Update: No one ever functional tested their websockets? Is this unimportant, useless or why can't anyone help on that important topic?

1
phpsymfonytestingwebsocketratchet
Are you only looking for a way to pass on the cookie, or do you want to immediately send for example a sessionId/userId?mitchken
I've updated the question with the code i've written. The problem is, that on Ratchet side, the user stays anonym in the test. Maybe I'm passing the cookie wrong. The session id is transported in a cookie.user3746259
'Cookie' => $symfClient->getContainer()->get('session')->getId() . '=' . $symfClient->getContainer()->get('session')->getId() sure this is correct? shouldn't the first rather be the cookie name?bwoebi
@user3746259 Okay, I cannot quite guess what's going wrong there, so, first step, look into the websocket code of ratchet directly, what are the raw headers received? Does it match your expectations? … Debug your application until you find the source. It can be a tedious task, but at the end of it, you typically know why it fails.bwoebi
@user3746259 Looks like no-one has had the issue maybe. Only solution is hardcore debugging there, I'm sorry ;o)bwoebi

1 Answers

3
votes

You have a cart before the horse situation here. When you set a cookie on a client connection that cookie is then only sent on subsequent requests (websockets or XHR, GET, POST, etc) provided the cookie restrictions (httpOnly, secure, domain, path, etc) match.

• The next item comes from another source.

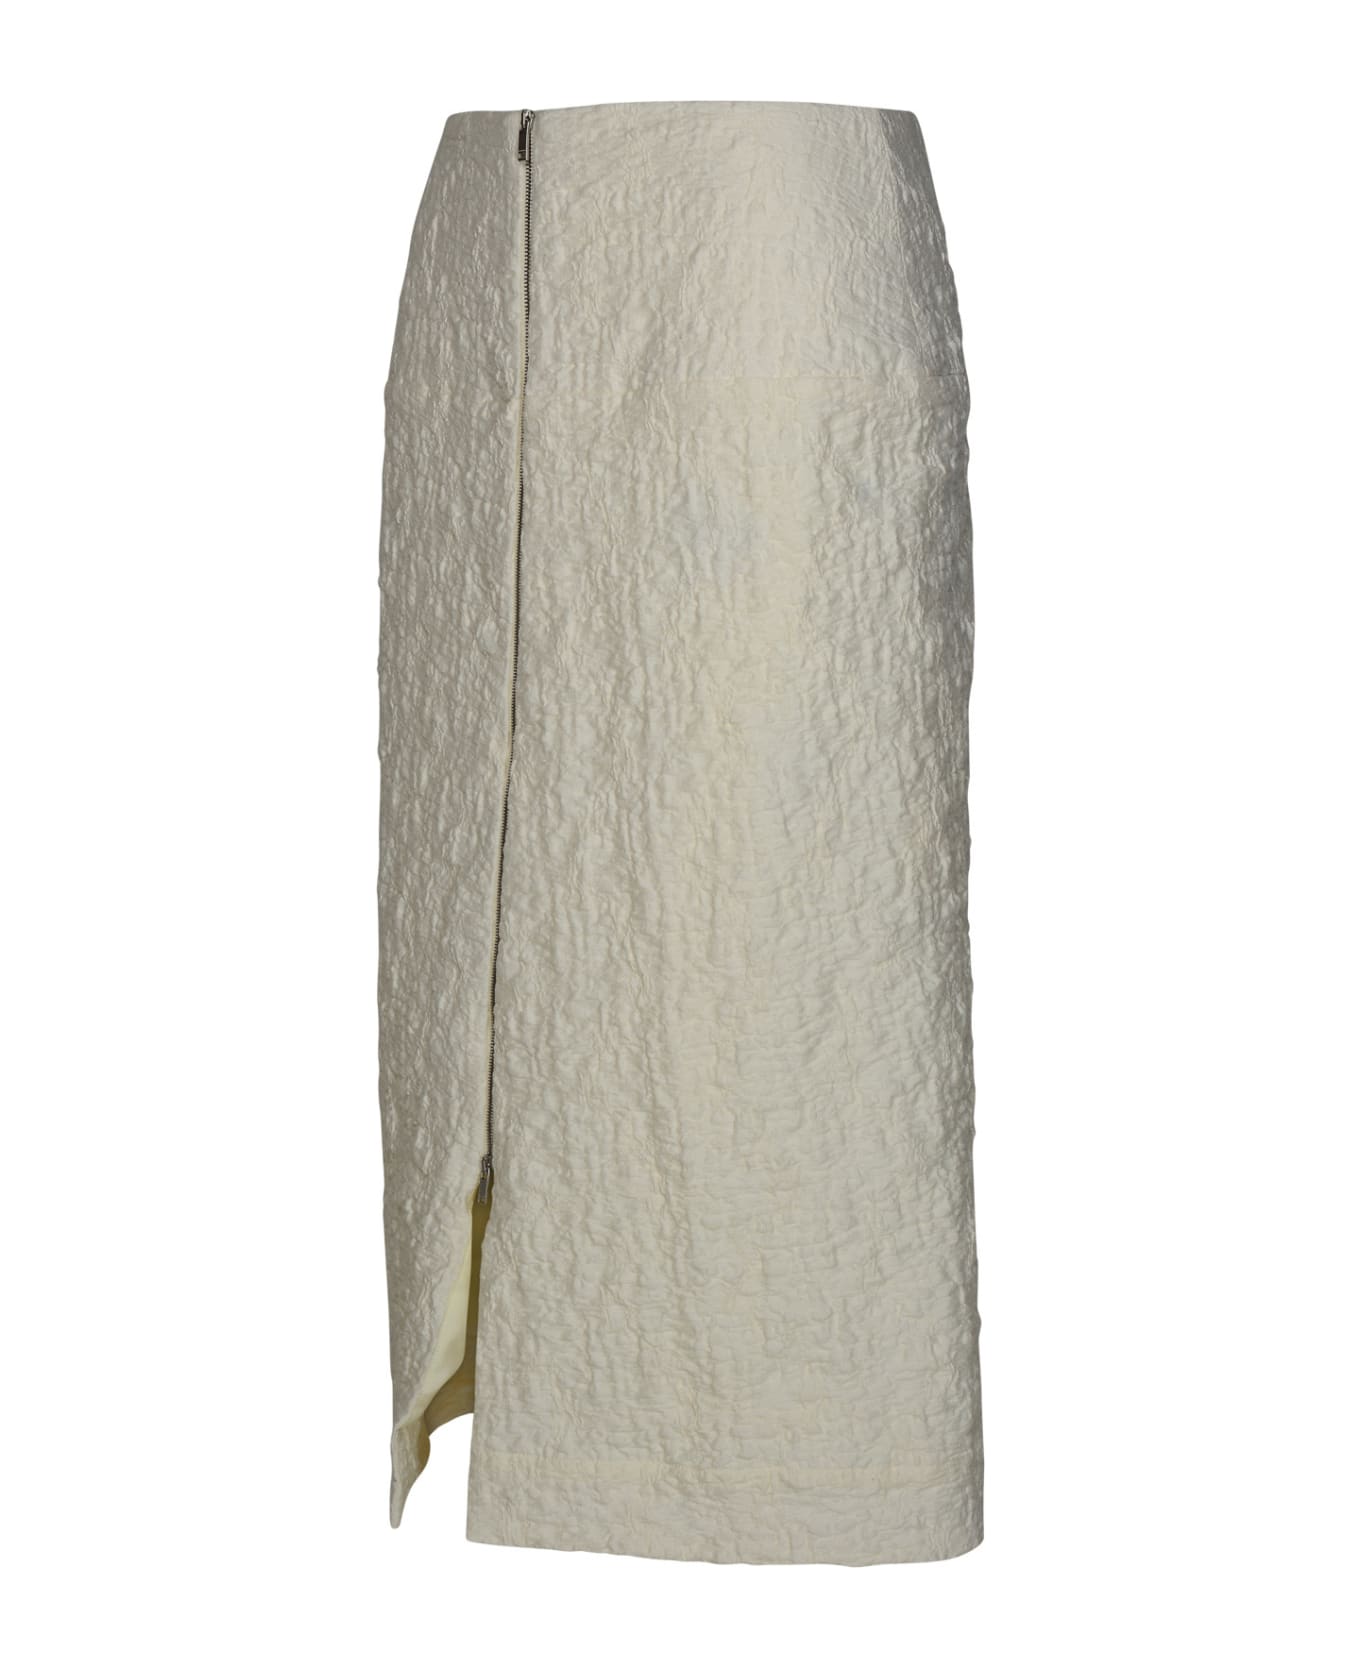 Jil Sander White Cotton Blend Skirt - White スカート

Any cookies available are sent during the initial handshake of the websocket connection. Setting a cookie on an open connection will set the cookie on the client but since the socket is already an open connection and established (post handshake) the server will be blind to those cookies for the duration of that connection.

Some people have had success setting the cookie during the handshake. However, that requires the server and client socket implementations supporting this behavior and passing credentials as get parameters (bad practice).

So I think your only real options are:

  • handle authentication through XHR or other request before opening a websocket
  • use the websocket for authentication, but then on successful login:
    • set your auth cookie
    • close the existing socket
    • initiate a new socket from the client (which will then carry your auth cookie)
  • forget cookies entirely and handle an authentication exchange on the server based on the request/resource ID for the open connection.

If you choose the last option you could still set the cookie and look for the cookie to restore connections on reconnects.